Species Vaccination method used Results Antibodies Reference
Heligmosomoides polygyrus (nematode) C57BL/6 mice vaccinated 3 times with EVs + alum i.p. Vaccination decreased worm burden by 82%. Exosomes elicited IgM, IgG1, IgA and IgE isotypes reactive with EVs. Mice vaccinated with HES or HES supernatant also generated EV-responsive IgM. Sera from EV-vaccinated mice contained both IgM and IgG1 reactive reactive to HES and HES supernatant (Coakley et al., 2017)
Trichuris muris (nematode) C57BL/6 mice vaccinated twice with EVs no adjuvant subcutaneously Vaccination deceased worm burden by ~60%. Lysed EVs had similar results to sham control Vaccination boosted IgG1 and IgG2a/c serum antibody responses to ES depleted of EVs. Range of IgG antibodies in sera against EV components 50–200 kDa in size. Possible targets identified (Shears et al., 2018)
Echinostoma caproni (trematode) Balb/c mice vaccinated twice with EVs no adjuvant subcutaneously No difference in worm burden seen. Vaccination decreased EPG by ~60%. Delay in parasite development. Increase in survival rate of mice Exosomes elicited significant IgM and IgG response in serum. IgG1, 2b and 3 subtypes responsible for IgG increase. Antibodies against exosome/ESP components mainly 90 kDa in size. Bands the same for immunisation with exosomes and infected animals. Possible targets identified (Trelis et al., 2016)

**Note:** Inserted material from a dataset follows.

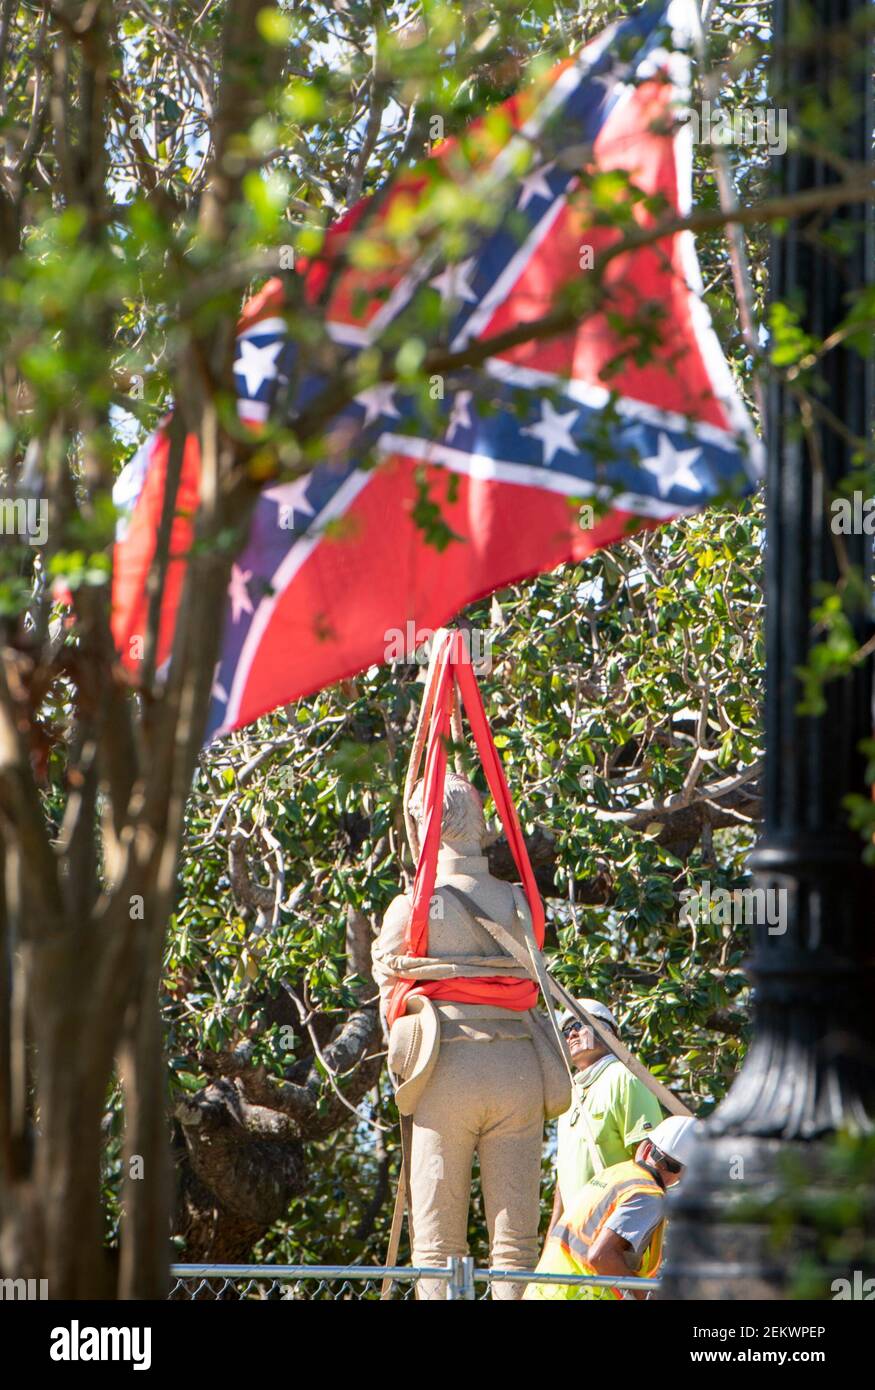 Los trabajadores sacan la estatua de la parte superior del monumento confederado en el centro de Pensacola el lunes, 26 de octubre de 2020. Retiro de la estatua confederada (Foto por Gregg Pachkowski/gregg@pnj.com/USA Today Network/Sipa USA) Foto de stock

Opisthorchis viverrini (trematode) Hamsters vaccinated 3 times with EVs + alum i.p. Vaccination decreased worm burden by 27%, EPG reduced by 32%. Average length of worms shorter Sera showed increase in IgG against EVs both pre and post challenge. Antibodies from vaccinated hamsters blocked uptake of EVs by cholangiocytes (Chaiyadet et al., 2019)

HES, Heligmosomoides polygyrus excretory/secretory products; EPG, eggs per gram.